There were times in my life when I wanted to be another ethnicity — when I didn’t completely appreciate being Bangladeshi. But as I grew, I became happier with who I was. I started to love wearing cultural clothing, I liked speaking Bangla (Bengali) more, and I fell in love with the country.
Yet, there are things that still bother me. When I would hear my friends and peers talking about Bangladesh, there was usually one thing in common: how much they disliked it. They would bring up getting sick from the food, getting stares from strange men, the bugs, the heat, etc. I’m not trying to invalidate their experiences or say that they’re wrong. Like any other country, Bangladesh certainly has its downsides.
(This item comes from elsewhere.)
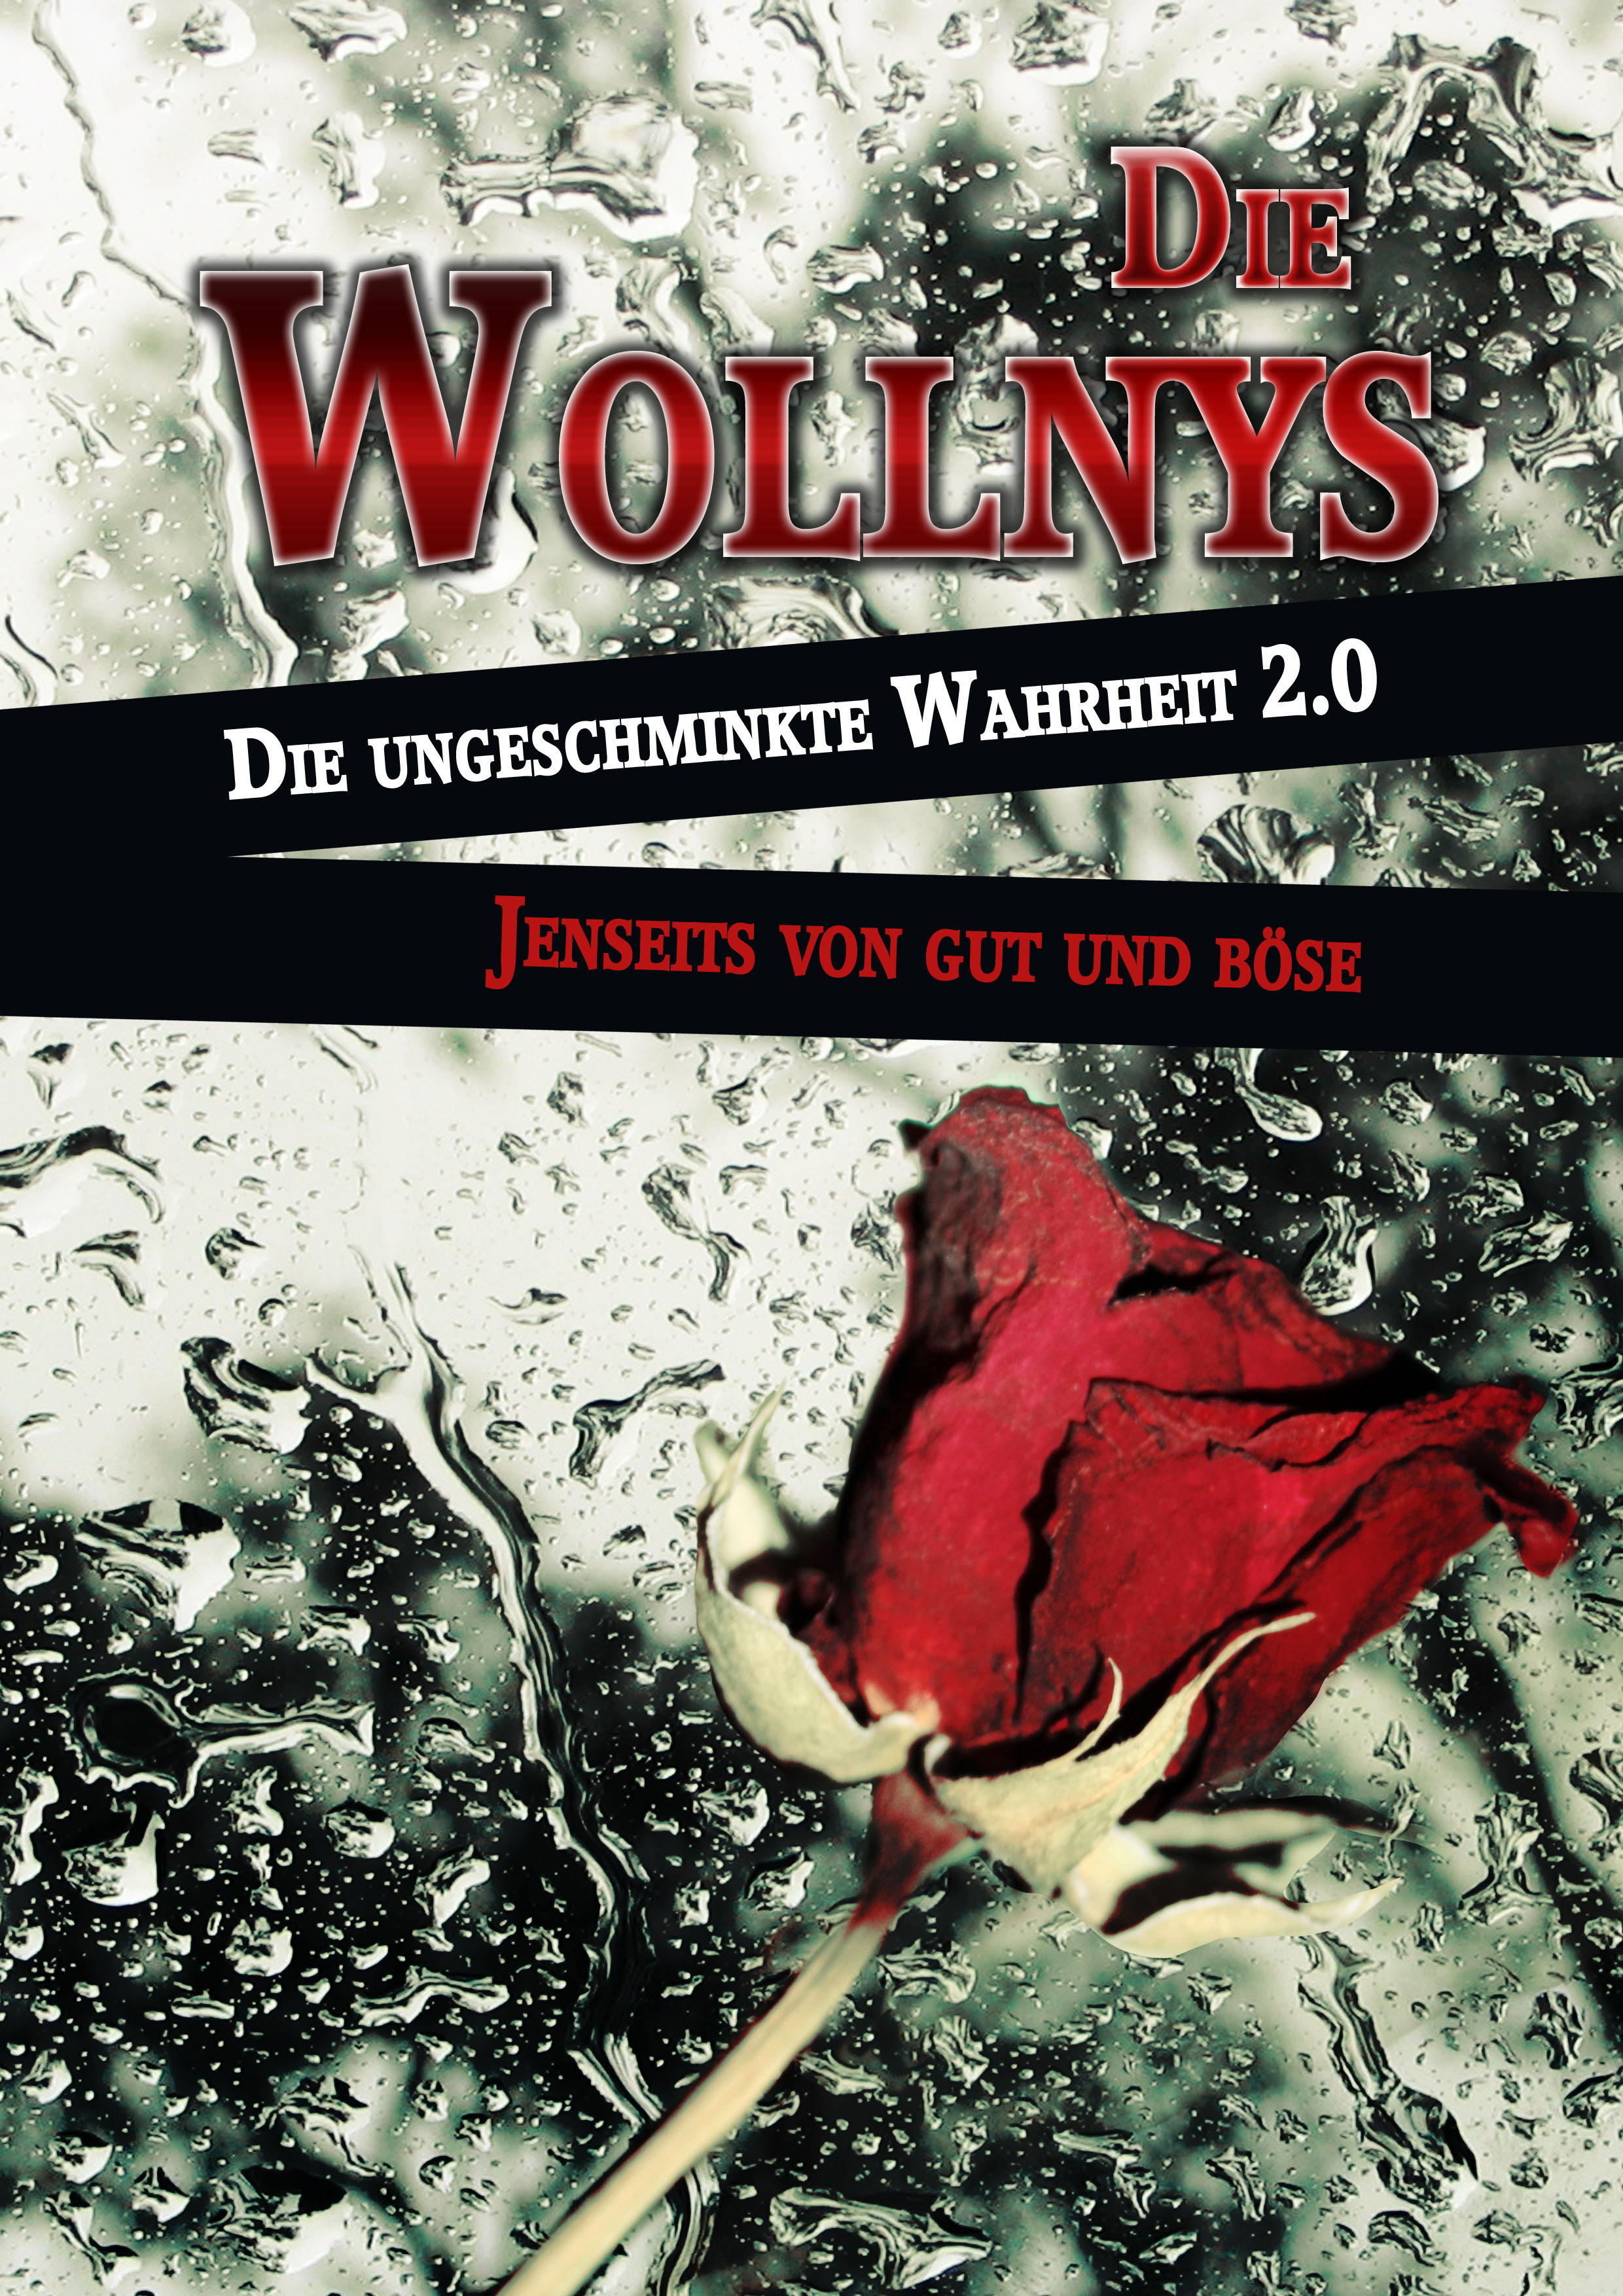 Die Wollnys - Die ungeschminkte Wahrheit 2.0: Jenseits von gut und böse - Katja Schneidt, Dieter Wollny

I myself can’t stand the bugs and I have to admit, it can get really hot.
But for some reason, the good sides weren’t really brought up in this conversation. The incredibly beautiful countryside? The diversity of wildlife? The kindness of the people? The beauty of hearing Bangla (Bengali) spoken again and again? The fact that our people worked so hard for independence? It didn’t seem fair to me that Bangladesh was so poorly talked about. If outsiders had listened to the conversation, they wouldn’t have considered visiting or learning about Bangladesh.
And as for me, I would be too shy to bring this up when my friends would discuss it. It seemed to be taken for granted that Bangladesh was an undesirable place, period. So how could I bring up that I actually liked the place?
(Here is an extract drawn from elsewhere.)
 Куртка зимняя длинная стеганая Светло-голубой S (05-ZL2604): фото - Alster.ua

Saying that the people around me hate Bangladesh would be a bit of a stretch and would also be something that I can’t be sure of. But this dislike for the country that is our culture and our ethnicity reflects a bigger problem in society, American society, to be more specific.
Growing up in America, it’s easy to internalize the culture that values European-Americans and white people. We see it in our media all the time. The representation of white models and movie stars far outnumber the colored ones. The beauty standard in America consists of colored eyes and small noses-features which are characteristic of Europeans. Assimilation is something that is almost expected of immigrants, yet at the same time, we acknowledge America’s diversity. We complain when people can’t speak English well, even though it signifies that they know other languages. Desi accents are laughed at, European accents are adored. America is constantly emphasized as the land of the free when it is clear that racism, discrimination, and hate are still at large. In this society, it is easy to see why children of color would become ashamed of their ethnicities and of their backgrounds. But that doesn’t mean it’s okay.
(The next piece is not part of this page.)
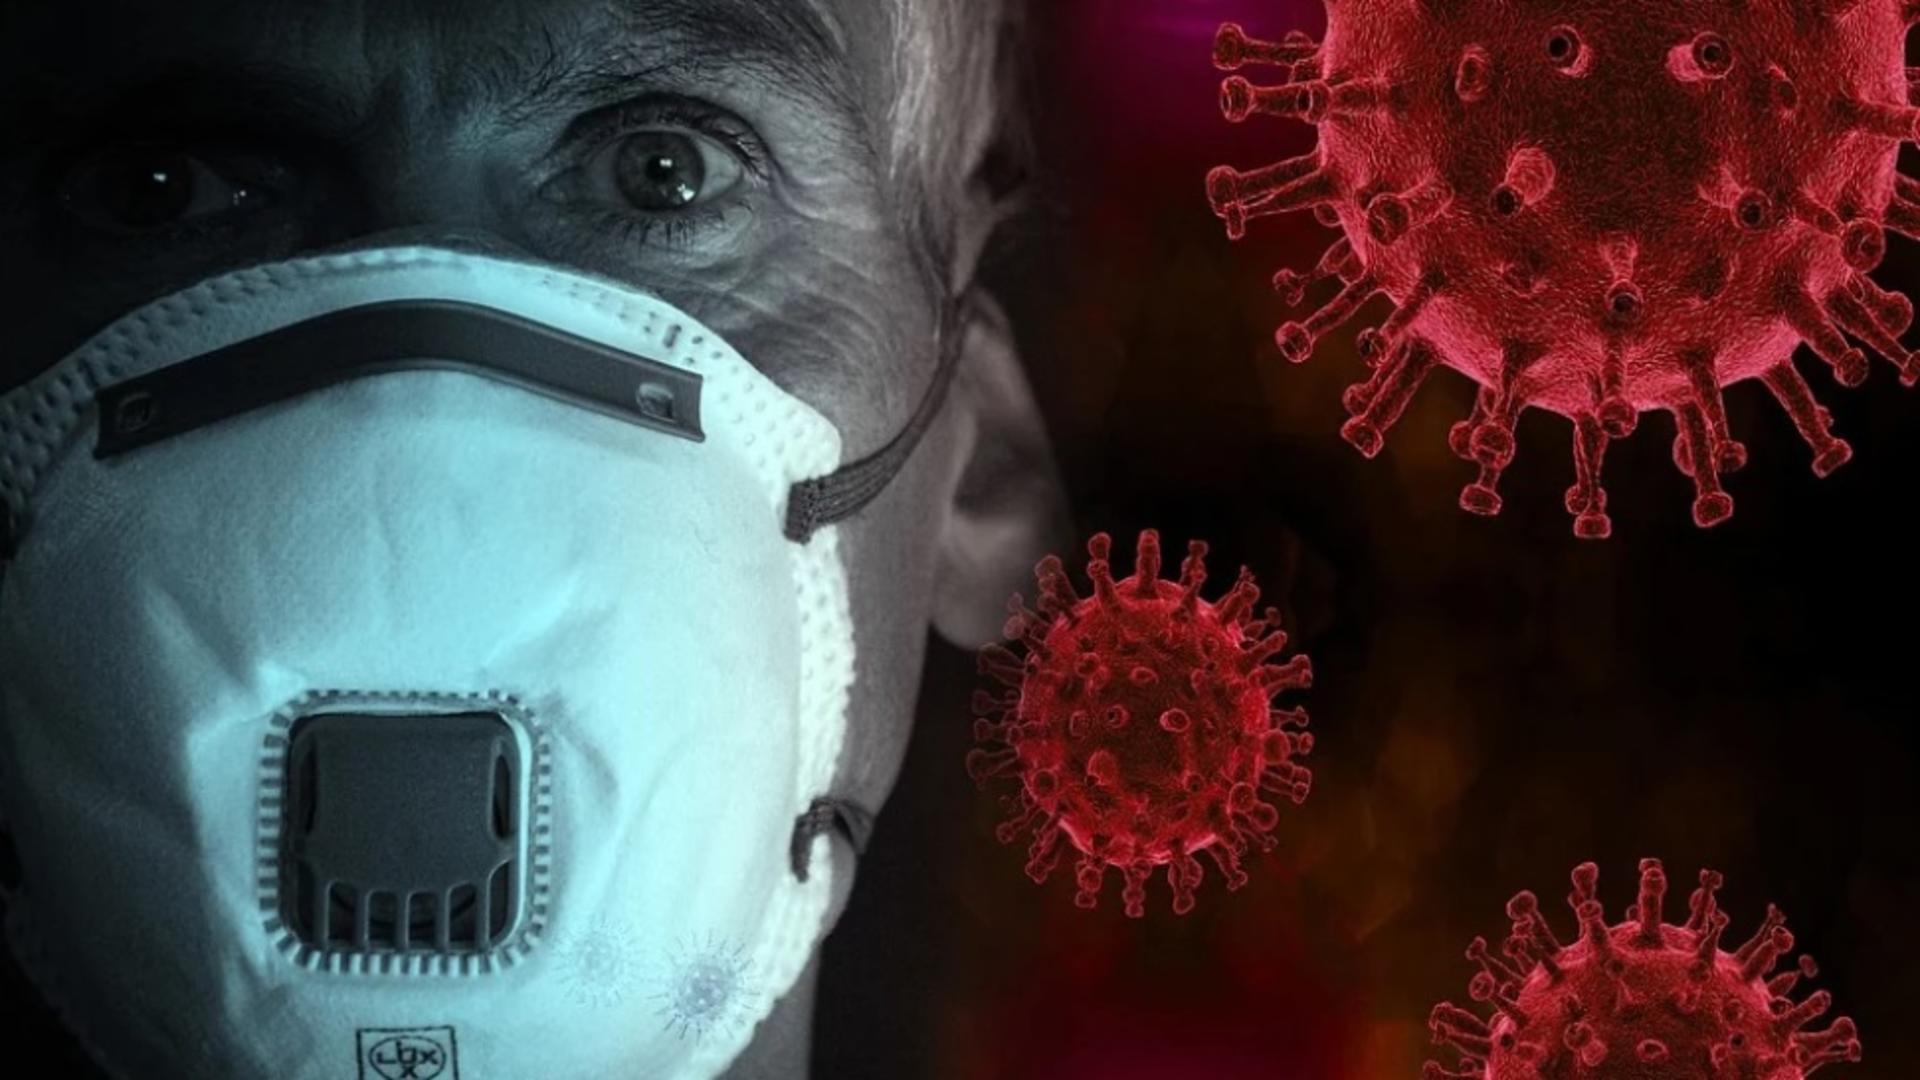 Simptomele Covidului de lungă durată pot apărea cu mult după infectare

How can we ever claim America to be a melting pot if we refuse to accept all the different colors and ethnicities that come together? How can we ever attempt to dismantle white supremacy, if we ourselves are ashamed of not being white?
It’s time to stop being ashamed of our backgrounds, to stop being ashamed of our ethnicities, to stop being ashamed of being who we are. Now, don’t get me wrong. Whether or not you like America or another country better is completely up to you. But don’t belittle your background. Don’t belittle yourself.